Божия власть в отличие от человеческой не убивает и не связывает свободы человека, но освобождает, воспитывает свободу и совершенствует ее, лечит Любовью и Истиной. Логосом Божиим освобожденный человек высоко поднимается над преходящими властями и явлениями этого мира. И можно слышать, как Истина, окрыляя последнюю свободу человека, гремит в грозных событиях земли и тихо склоняется над верной душой, напояя ее ведением тех тайн, которые нельзя «поведать врагам» - даже тем, кто хочет быть другом, но еще не стал им.

Архиепископ Иоанн (в миру князь Дмитрий Алексеевич Шаховской ; 23 августа (19020823 ) , Москва - 30 мая , Санта-Барбара , Калифорния , США) - епископ Православной церкви в Америке , архиепископ Сан-Францисский и Западно-Американский. Проповедник, писатель, поэт.

Биография

Семья, детство, юность

Служение в Германии

1 апреля 1932 года был назначен настоятелем Свято-Владимирской церкви в Берлине . Митрополит Евлогий вспоминал об этом времени, что

приход возглавил о. Иоанн Шаховской, человек даровитый, высокого аскетического склада, подвижнического духа, пламенный миссионерский проповедник. Он привлёк сердца; приход ожил и процвёл.

Сам архиепископ Иоанн вспоминал об этом периоде своей жизни:

Мой берлинский приход св. кн. Владимира был не только местом моей приходской работы, но … стал центром работы печатной, миссионерской и благовестнической. За эти годы пришлось издать много книг и посетить все, кроме Албании , страны Европы со словом благовествования людям русского рассеяния. Особенно утешительными и плодотворными были мои лекционные поездки в Латвию , Эстонию и Финляндию , где оставалось коренное русское население.

Издавал и редактировал журнал «За Церковь», основал одноимённое православное издательство. В 1937 был духовным руководителем добровольческой русской роты в рядах армии генерала Франсиско Франко во время гражданской войны в Испании . Деятельность «евлогианских» приходов в Германии вызывала негативное отношение со стороны нацистских властей, считавших их недостаточно лояльными и предпочитавших контактировать с РПЦЗ. Однако он отказался вновь менять юрисдикцию, хотя и был вынужден в 1942 году войти в состав епархиального совета Германской епархии РПЦЗ как представитель приходов, оставшихся в ведении митрополита Евлогия.

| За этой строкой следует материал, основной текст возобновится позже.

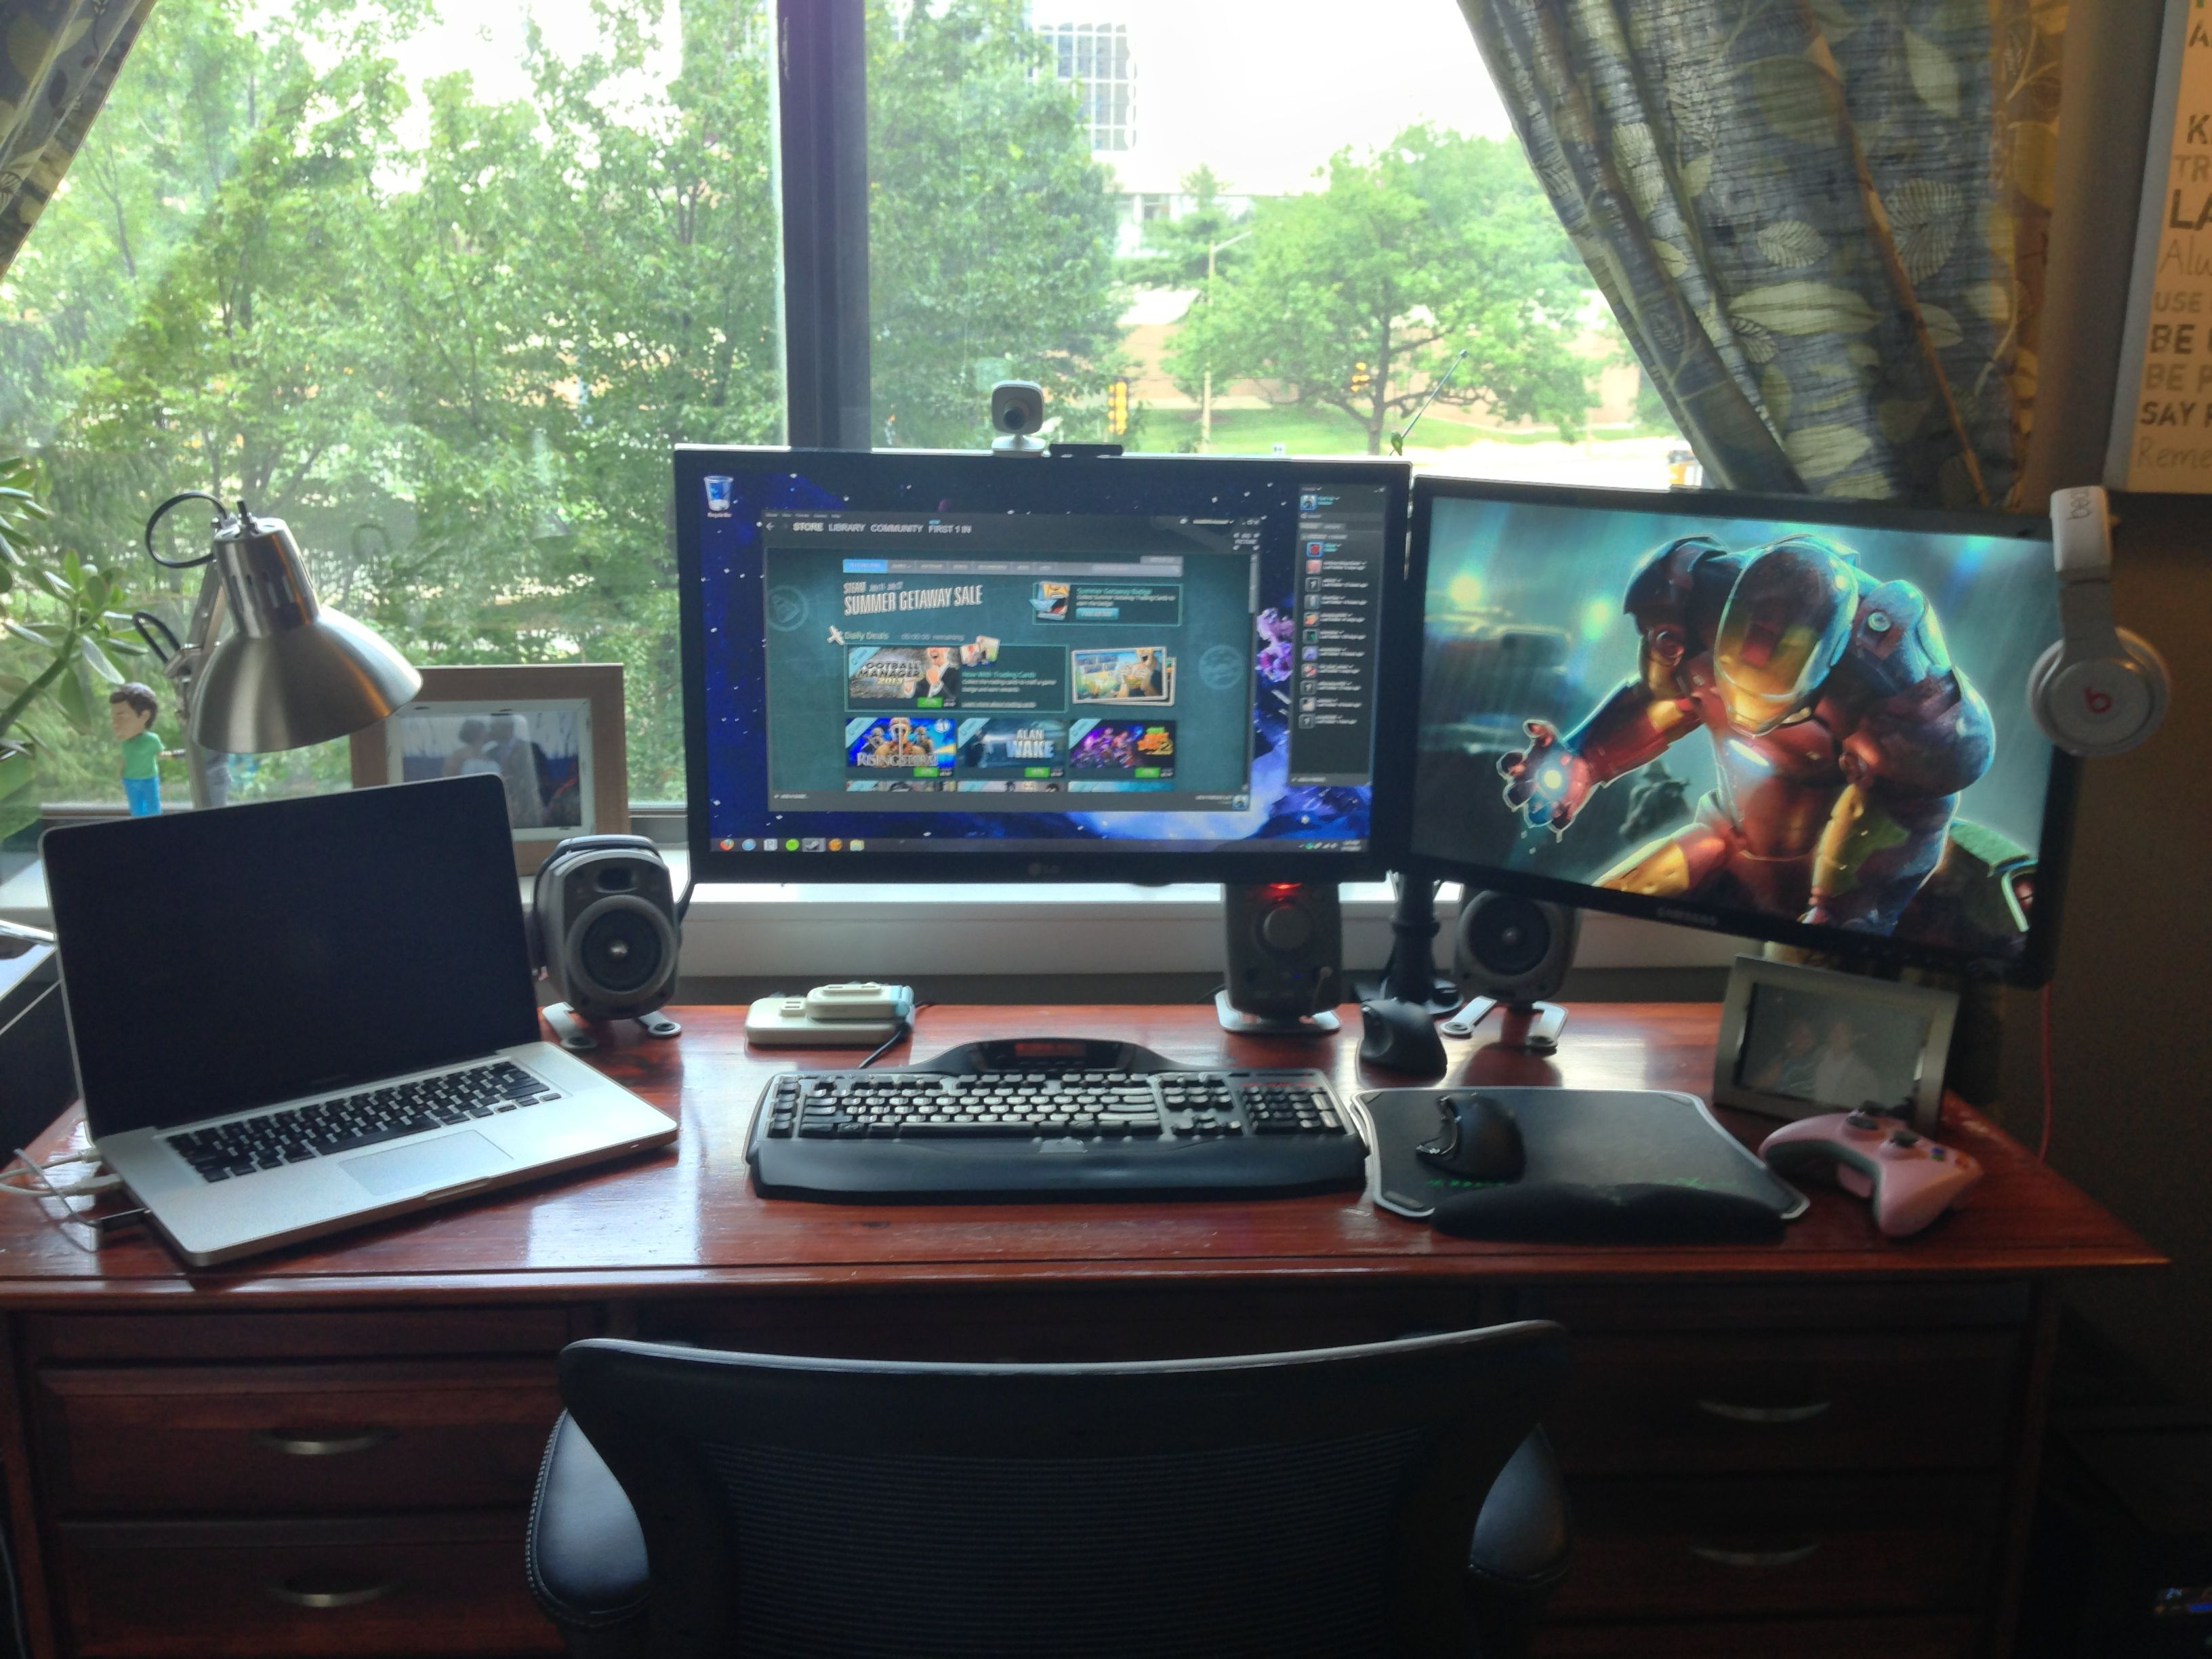 Home Office Dual Desk Setup: Revised Setup Using A Dual Monitor Stand To Regain Desktop

Одним из самых противоречивых решений Иоанна (Шаховского) стало его первоначальное отношение к нападению нацистской Германии на Советский Союз . Он, как и часть эмиграции, был подвержен иллюзиям, видя в начавшейся войне начало конца Советского Союза, то есть России как завершающего этапа русской истории. Выступая в выходившей в Германии газете «Новое Слово» 29 июня он писал:

Промысл избавляет русских людей от новой гражданской войны, призывая на землю силы исполнить своё предназначение. Право на операцию свержения 3-го Интернационала поручается искусному, опытному в науке своей германскому хирургу. Лечь под его хирургический нож тому, кто болен, не зазорно. Операция началась. Неизбежны страдания, ею вызываемые. Но невозможно было провидению долее ожидать свержения 3-го Интернационала рукою сосланных и связанных на всех местах русских людей… Понадобилась профессиональная, военная, испытанная в самых ответственных боях железно точная рука германской армии. Ей ныне поручено сбить красные звезды со стен русского Кремля, она их собьёт, если русские люди не собьют их сами. Эта армия, прошедшая своими победами по всей Европе, сейчас сильна не только мощью своего вооружения и принципов, но и тем послушанием высшему зову, Провидением на неё наложенному сверх всяких политических и экономических разсчетов. Сверх всего человеческого действует меч Господень .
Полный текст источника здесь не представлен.